Heat lightning is not to be confused with electrically-induced luminosity actually generated at mesospheric altitudes above thunderstorm systems (and likewise visible at exceedingly great ranges), a phenomenon known as "sprites".
The movement of sound in the atmosphere depends on the properties of the air, such as temperature and density. Because temperature and density change with height, the sound of thunder is refracted through the troposphere. This refraction results in spaces through which the thunder does not propagate. The sound of thunder often reflects off the Earth's surface. The rumbling sound is partly due to these reflections. This reflection and refraction leaves voids where thunder cannot be heard.

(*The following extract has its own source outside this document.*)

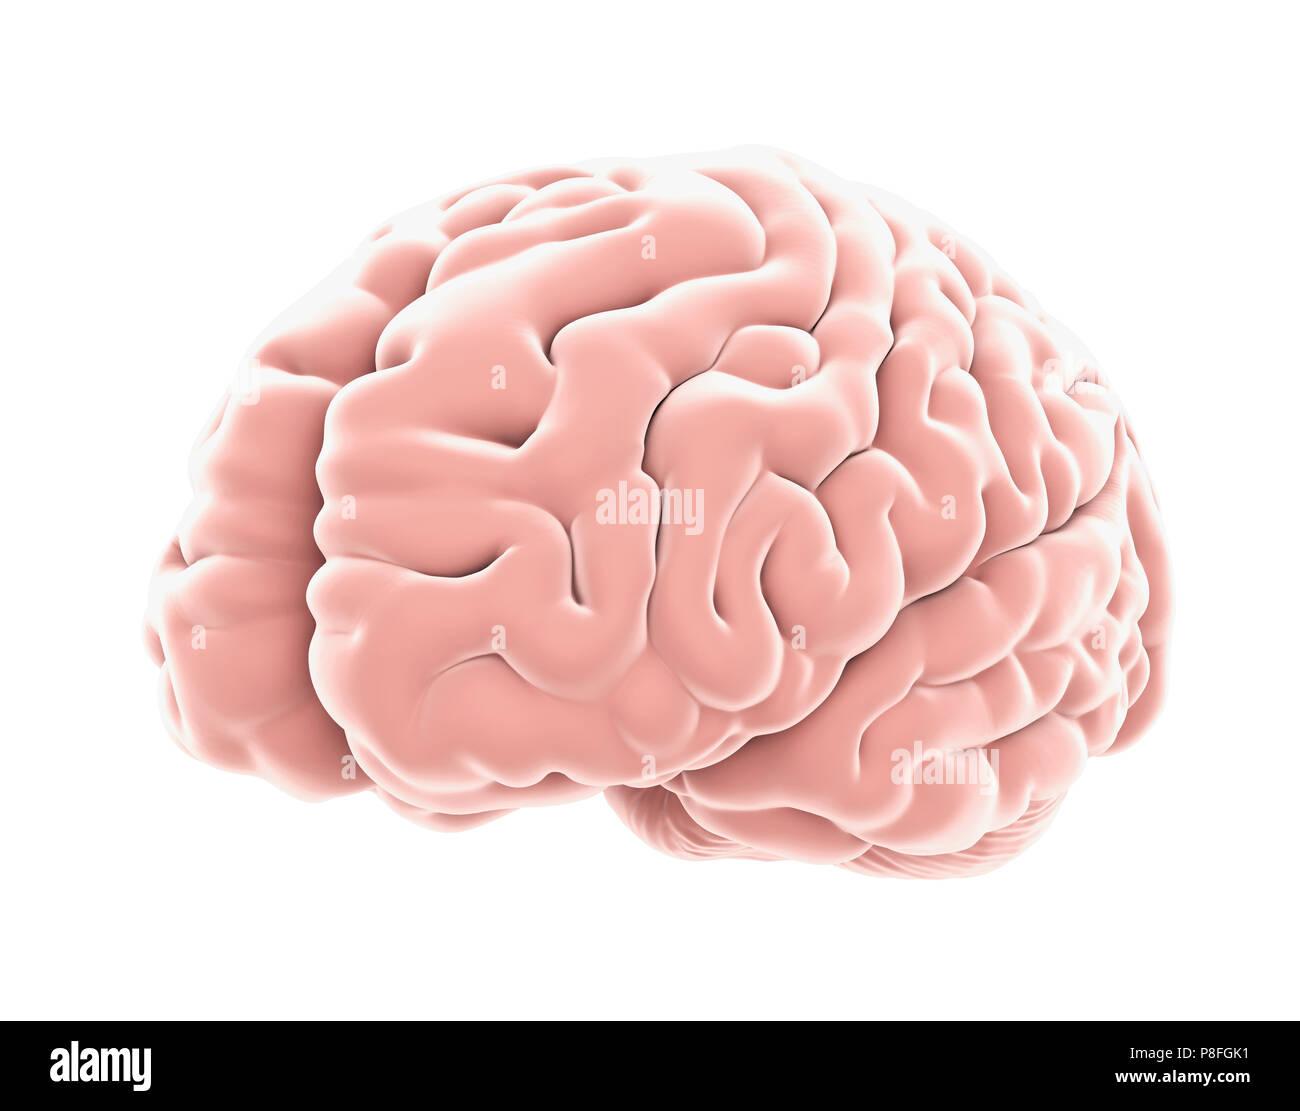 Die menschliche Anatomie des Gehirns isoliert Stockfoto, Bild ...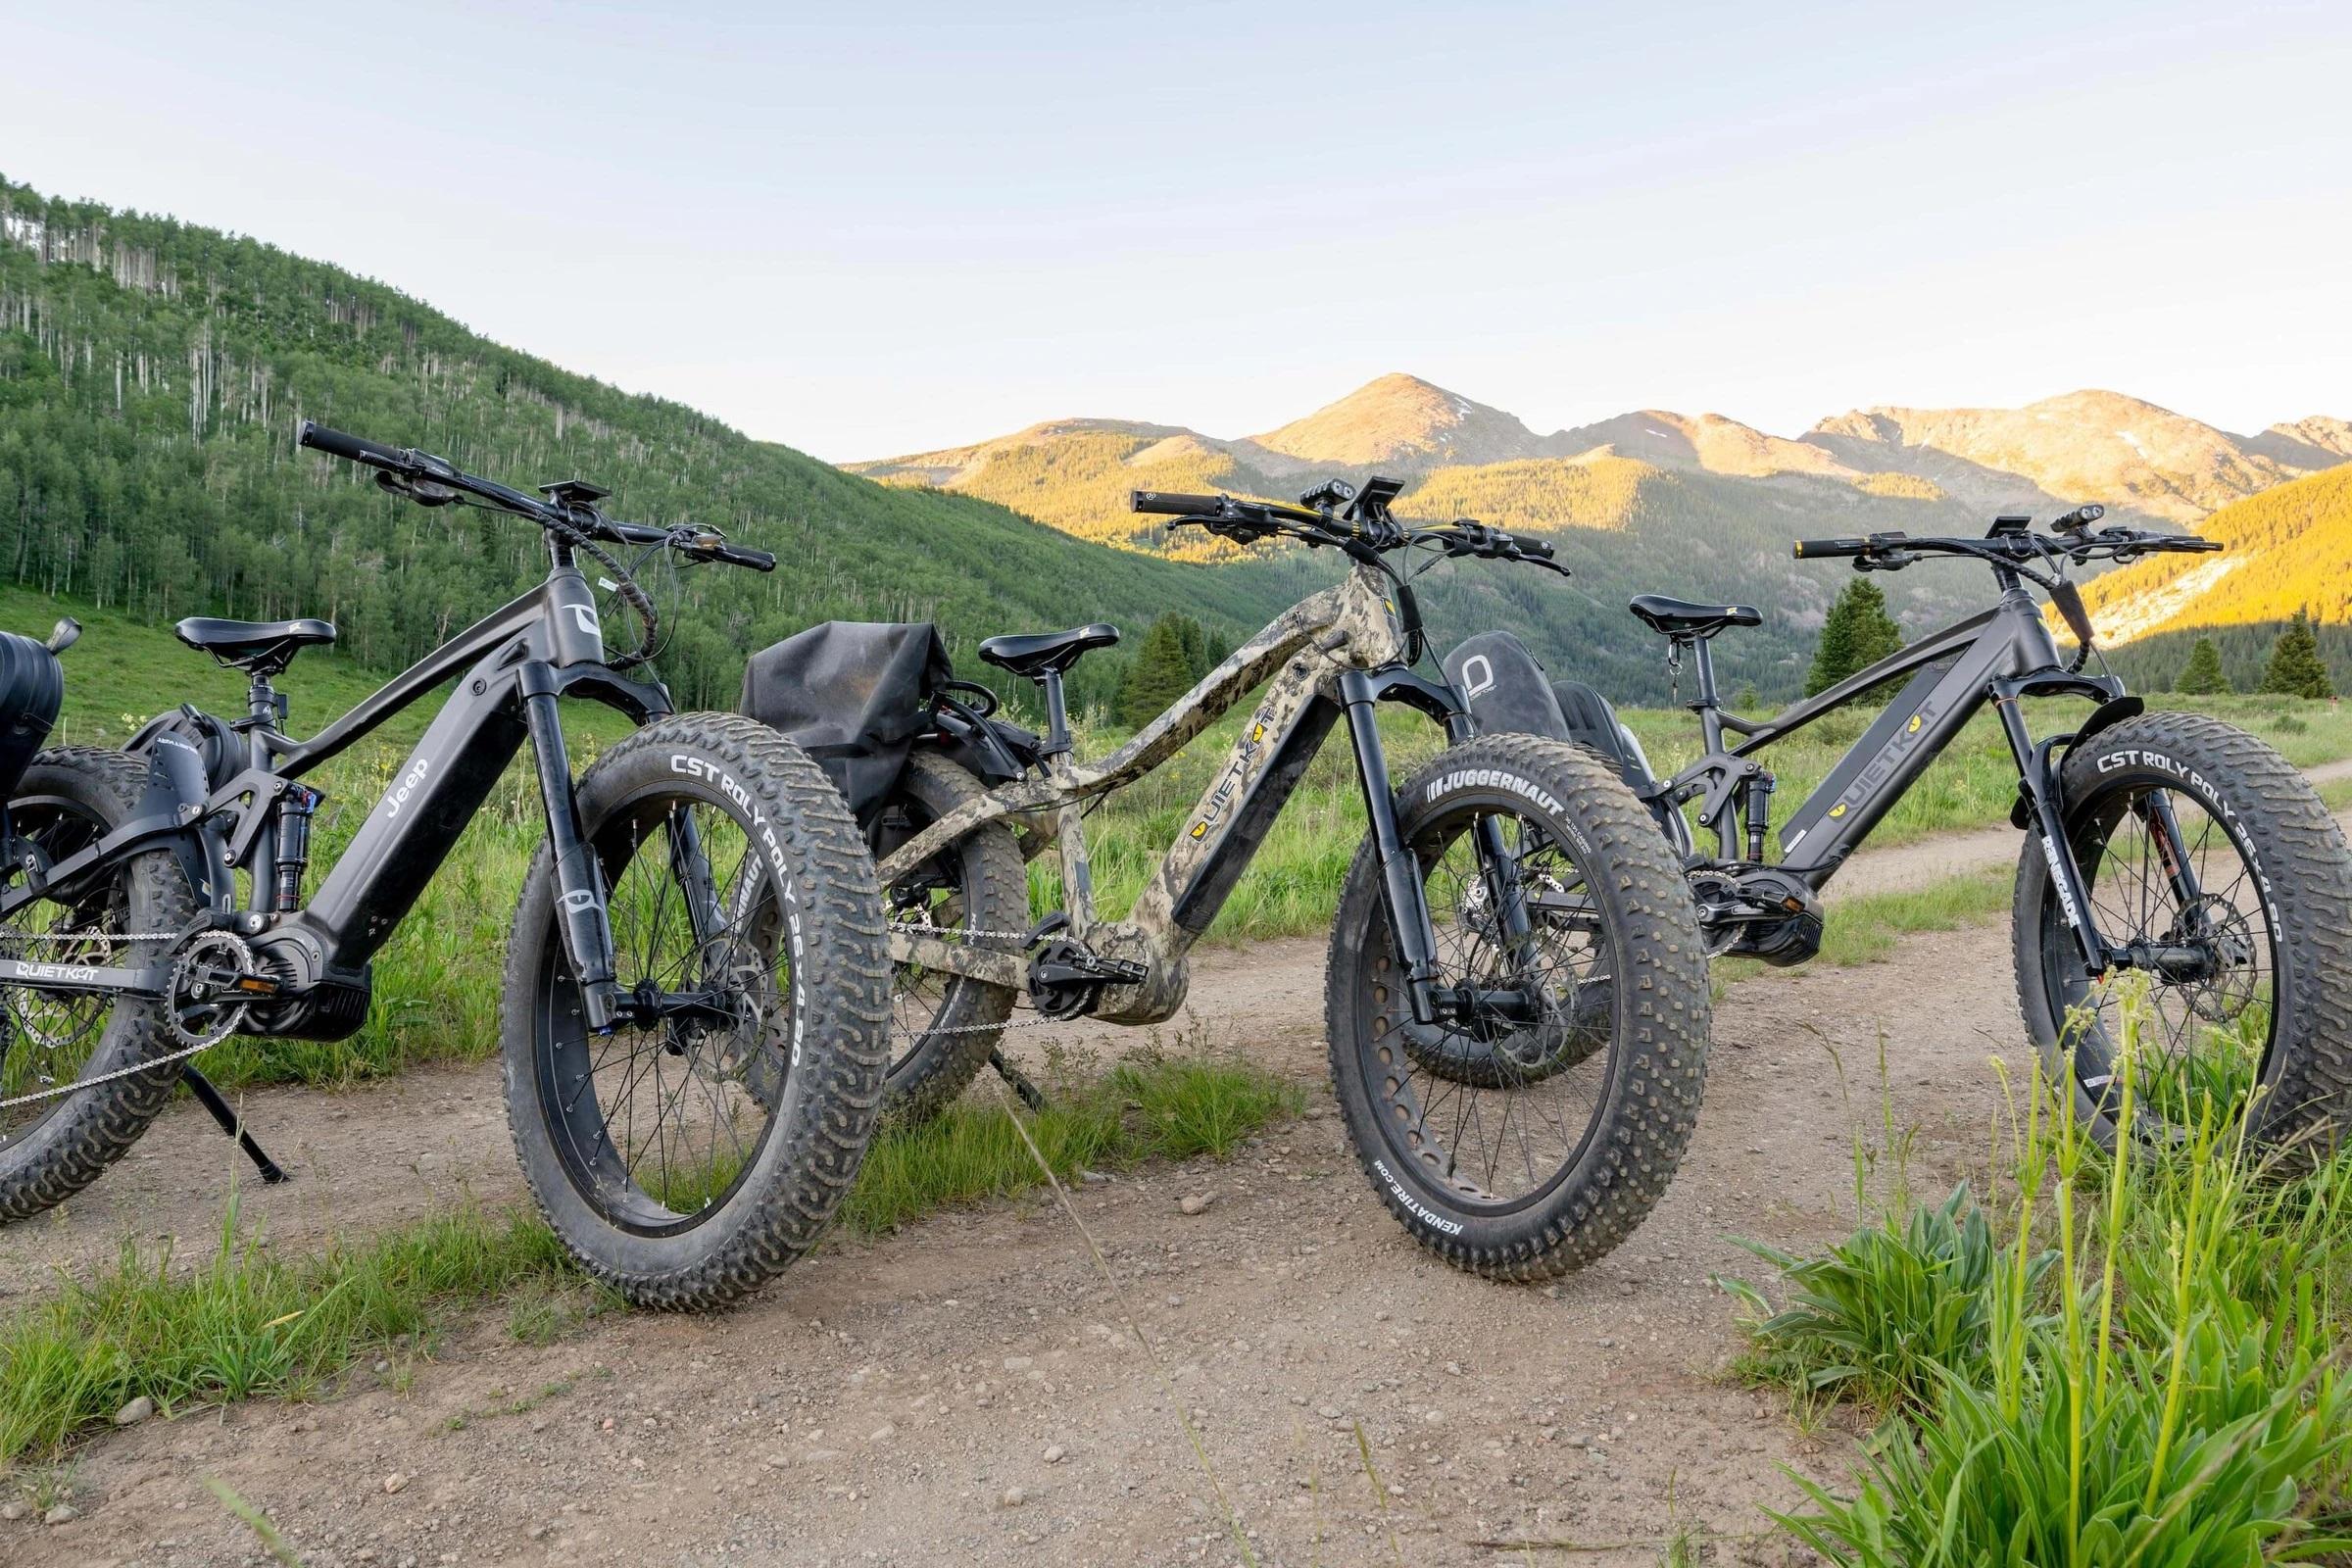 QuietKat Ranger e-bike Top class motor and battery

The Earth's curvature also contributes to distant observers not hearing the thunderclap. Thunder is more likely to be bounced off the Earth's surface before it reaches an observer far from the strike, and only the right refraction and reflection of the sound off of the atmosphere will give it range it needs to be heard far away. The reflection and refraction in the troposphere determines who hears the strike and who doesn't. More often than not, the troposphere will reflect the light, and leave out the sound - in these cases some fraction of the light emanating from distant thunderstorms (whose distant clouds may be so low to the horizon as to be essentially invisible) is scattered by the upper atmosphere and thus visible to remote observers.